The man in question has called several Realtors in southern and central Virginia multiple times within a few hours, according to VAR, which claims to represent more than 30,000 real estate professionals.

Jody LoMenzo, director of media relations at VAR, told Inman that four or five agents have reported such calls so far.

She added that the man has made it clear to the women he’s called that he has looked at pictures of them online.

“He’s seen their pictures on Zillow or whatever,” she said.

The man contacting agents in the San Antonio area of Texas also is believed to have obtained information about the agents he calls online — in that case, from real estate brokerage websites.

In requesting agents to show him homes, the man calling agents in Virginia refuses to meet agents during the day, in a public location or in their office, agents have told VAR.

Unlike the suspicious calls that female agents in the San Antonio area have been receiving, those made to agents in Virginia show “no identifiable caller ID,” VAR said.

The caller has been very persistent, the Realtor association said.

One agent reported that the man asked her to “show me anything you can this evening,” while another was asked to show a land listing after dark. Both agents “used caution and common sense” and refused to meet with the man, according to VAR.

Local law enforcement authorities have been contacted and VAR is keeping its members informed, VAR said.

Realtors receive training to take precautions when scheduling appointments and showing homes, according to VAR.

In the wake of the kidnapping and killing of Beverly Carter, some industry leaders have called for brokers, MLSs and associations to institute stricter safety protocols for engaging prospective clients.

To help protect agents, VAR proposed legislation in January that would enact stiffer penalties for people with intent to harm agents by luring them into homes.

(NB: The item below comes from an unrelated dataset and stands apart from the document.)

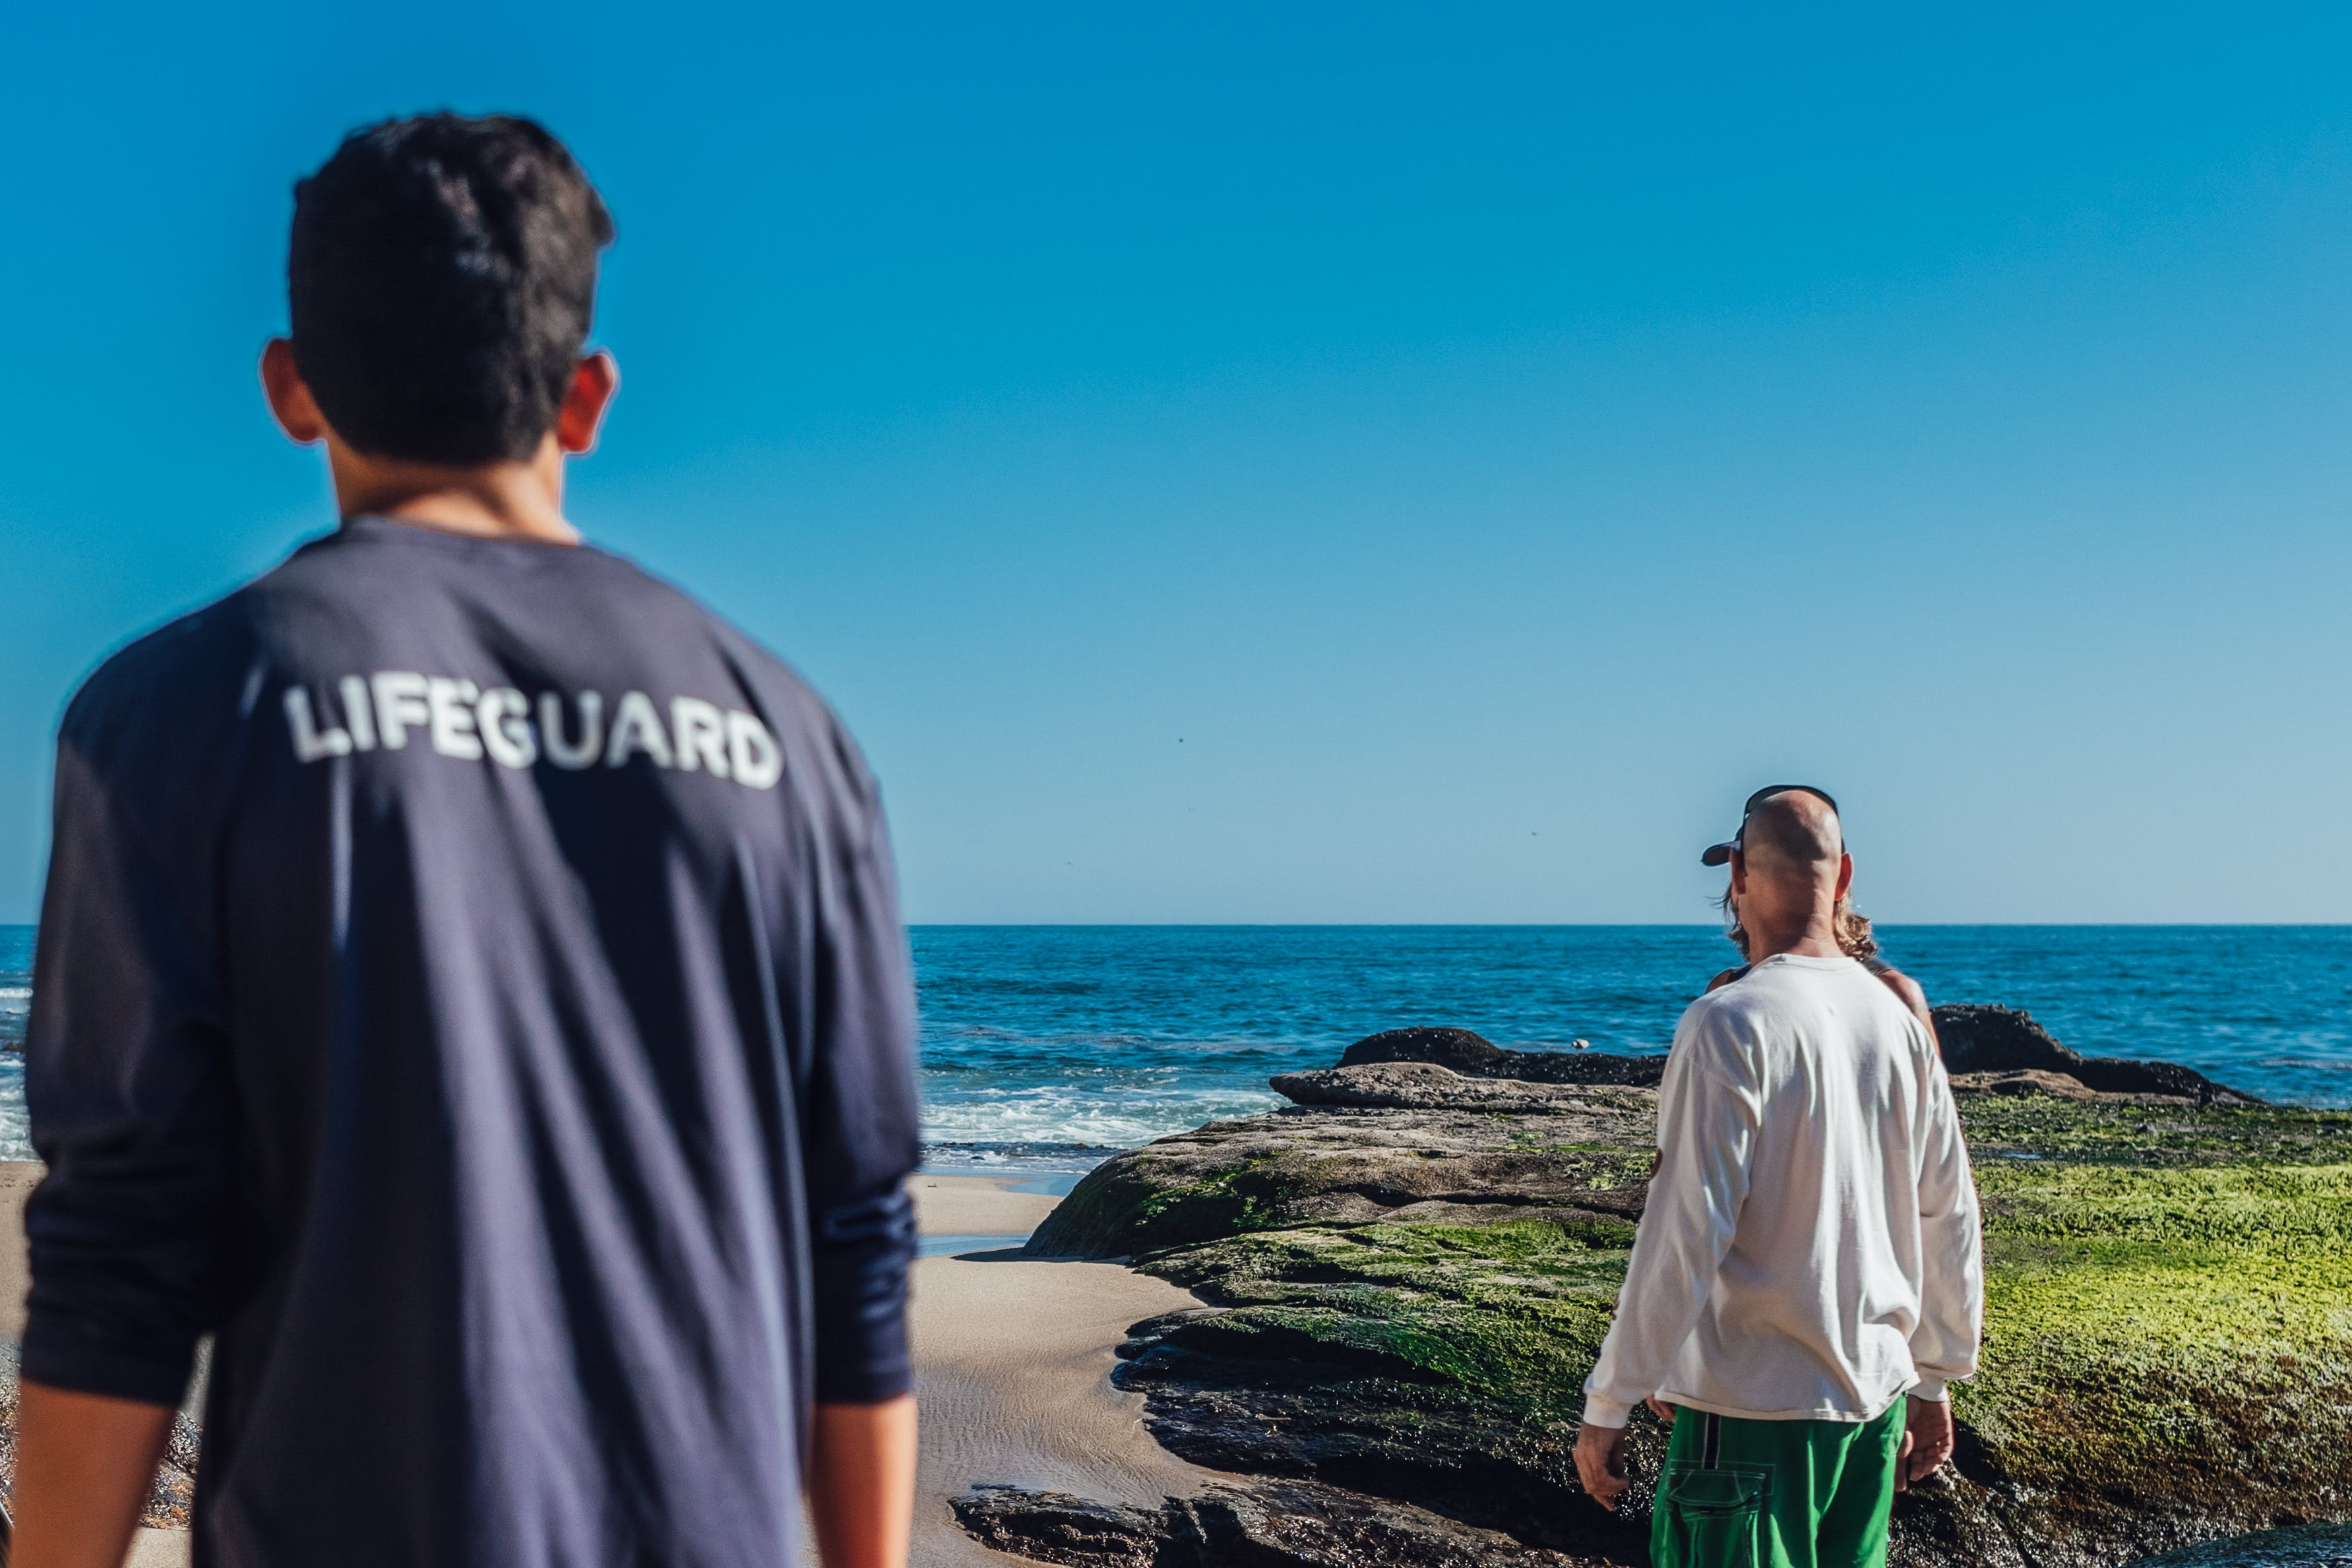 A lifeguard standing near the ocean. | Source: Pexels

In its current form, the proposal would make it a distinct and separate felony to entice a real estate licensee into a home with the intent to commit offenses including murder, malicious wounding, robbery and rape.

VAR cites on its website “several high-profile cases” where Realtors “have been lured into vacant houses and assaulted, abducted … or worse” in a summary of the legislation.

Some technology companies are responding to concerns over agent safety by rolling out mobile apps designed to leverage existing networks — their brokerage, multiple listing service or association — to keep them safe in the field.